How much could the firm save annually in ordering and carrying costs by using the EOQ? (Round intermediate calculations and final answer to 2 decimal places. Omit the “$” sign in your response.)
| Savings | $ 286.25 per year |
Explanation:
| u = 710/month, so D = 12[710] = 8,520 crates/yr. |
| H = .35P = .35($10) = $3.50/crate per yr. |
| S = $28 |
| TC = | Q | H + | D | S |
| 2 | Q |
| Present TC: | 710 | (3.50) + | 8,520 | (28) = $1,578.50 |
| 2 | 710 |
| TC at EOQ: | 369.22 | (3.50) + | 8,520 | (28) = $1,292.25. |
| 2 | 369.22 |
| Savings approx. $286.25 per year. |
Problem 13-20
Given this information:
Lead-time demand = 640 pounds
Standard deviation of lead time demand = 40 points
Acceptable stockout risk during lead time = 4 percent
- What amount of safety stock is appropriate? (Round your answer to the nearest whole number.)
| Safety stock | 70 units |
Explanation:
ss = zσdLT = 1.75 (40 lbs.) = 70 lbs.
- When should this item be recorded? (Round your answer to the nearest whole number.)
| ROP | 710 units |
Explanation:
| ROP = Average demand during lead time + safety stock |
| ROP = 640 + 70 = 710 lbs. |
- What risk of stockout would result from a decision not to have any safety stock? (Omit the “%” sign in your response.)
| Stockout risk | 50 % |
Explanation:
With no safety stock risk is 50%.
Problem 13-22
The injection-molding department of a company uses an average of 30 gallons of special lubricant a day.

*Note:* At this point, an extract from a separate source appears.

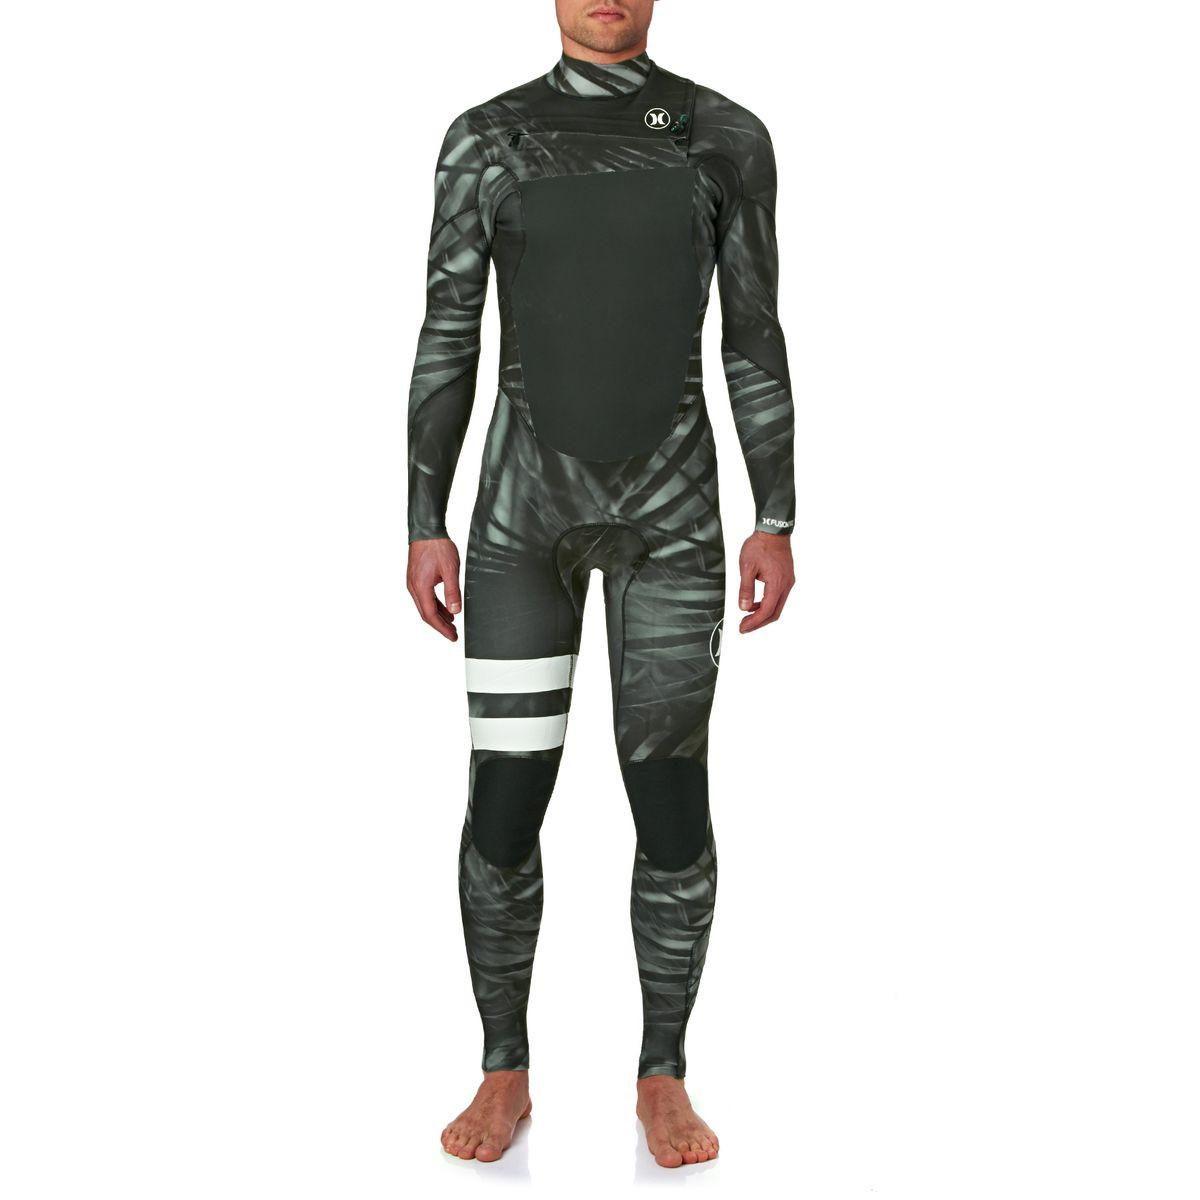 Hurley Fusion 3/2mm 2017 Chest Zip Wetsuit - Black Camo

The supply of the lubricant is replenished when the amount on hand is 170 gallons. It takes four days for an order to be delivered. Safety stock is 45 gallons, which provides a stockout risk of 9 percent. What amount of safety stock would provide a stockout risk of 3 percent? Assume normality. (Round intermediate calculations and final answer to 2 decimal places.)

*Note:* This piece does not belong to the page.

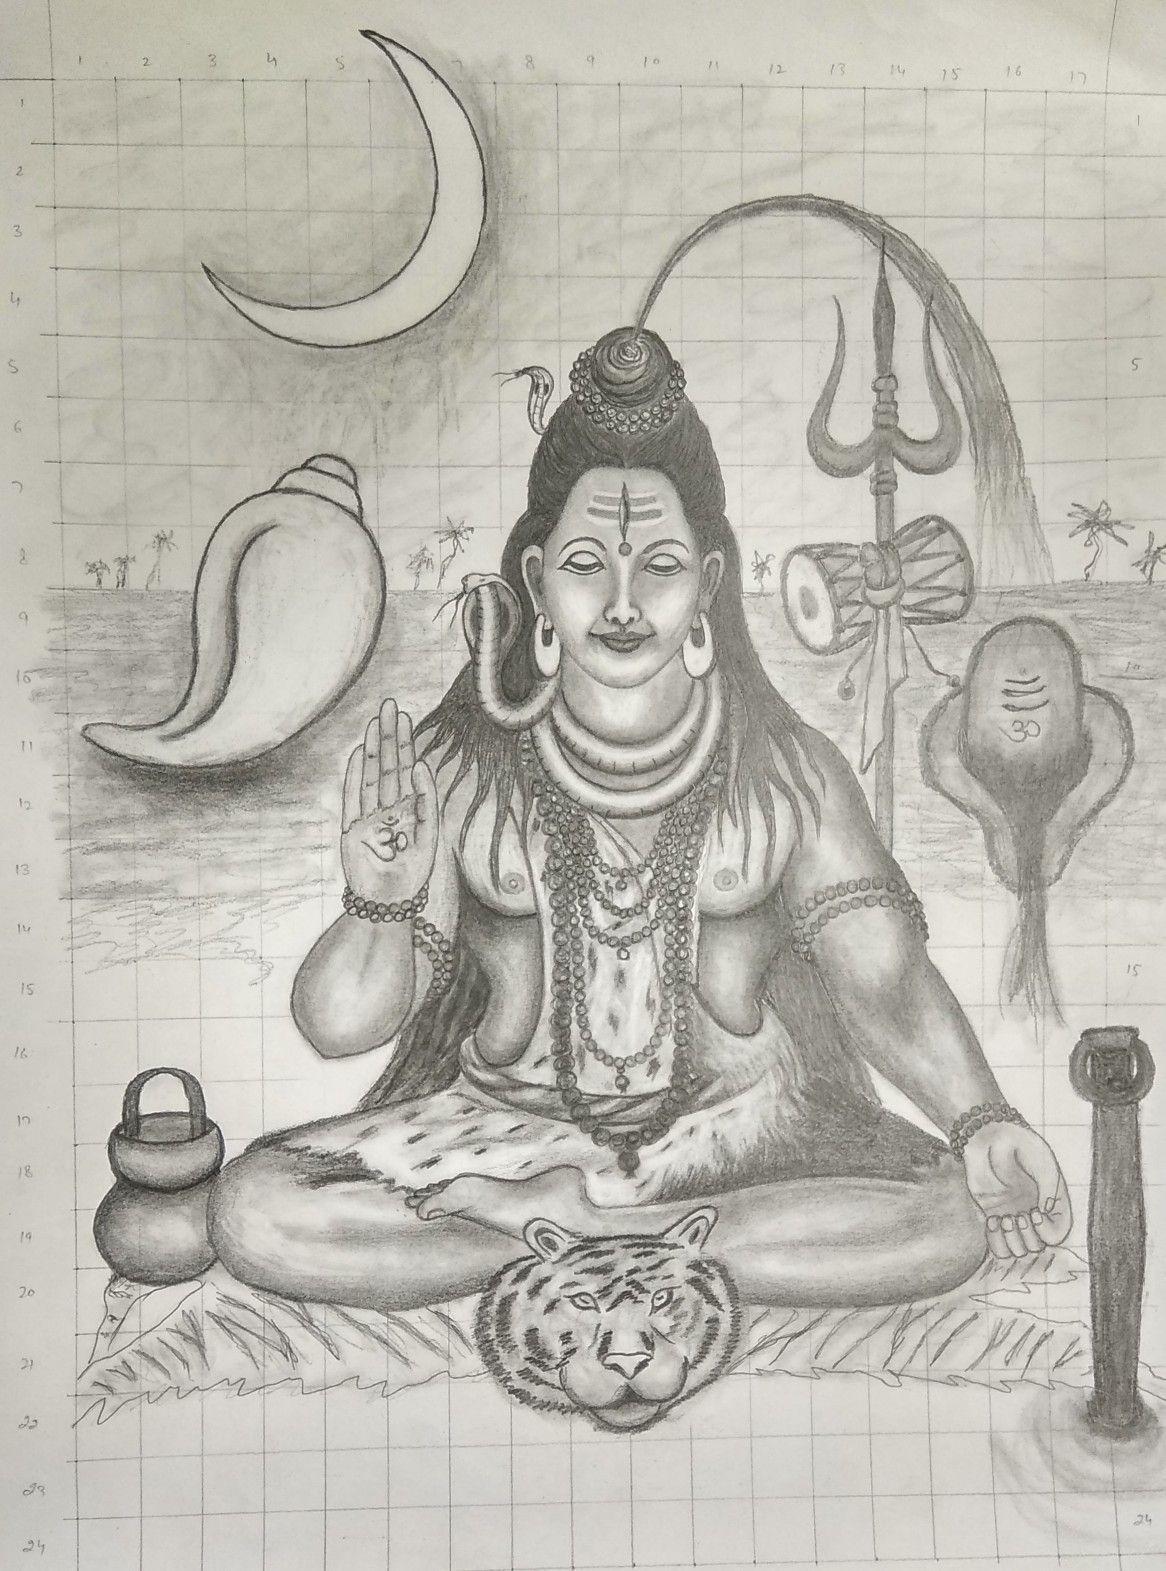 Pencil sketch of mahadeva

| Safety stock | 63.00 gallons |
Explanation:
| d = 30 gal./day |
| ROP = 170 gal. |
| LT = 4 days |
| ss = zσdLT = 45 |
| ss = 45 gal. |
| Risk = 9% z = 1.34 Solving, σdLT = ss / z = 45 / 1.34 = 33.58 |
| 3 % → z = 1.88 × 33.58 = 63.13 gal. |
Problem 13-26
A small copy center uses five 500-sheet boxes of copy paper a week. Experience suggests that usage can be well approximated by a normal distribution with a mean of five boxes per week and a standard deviation of one-half box per week. One weeks are required to fill an order for letterhead stationery. Ordering cost is $3, and annual holding cost is 25 cents per box.
- Determine the economic order quantity, assuming a 52-week year. (Round your answer to the nearest whole number.)
| EOQ | 79 boxes |
- If the copy center reorders when the supply on hand is 6 boxes, compute the risk of a stockout (Round “z” value to 2 decimal places and final answer to 4 decimal places.)
| Risk | .0228 |
- If a fixed interval of seven weeks is used for ordering instead of an ROP, how many boxes should be ordered if there are currently 35 boxes on hand, and an acceptable stockout risk for the order cycle is .0023? (Round “z” value to 2 decimal places and final answer to the nearest whole number.)
| Q0 | 35 |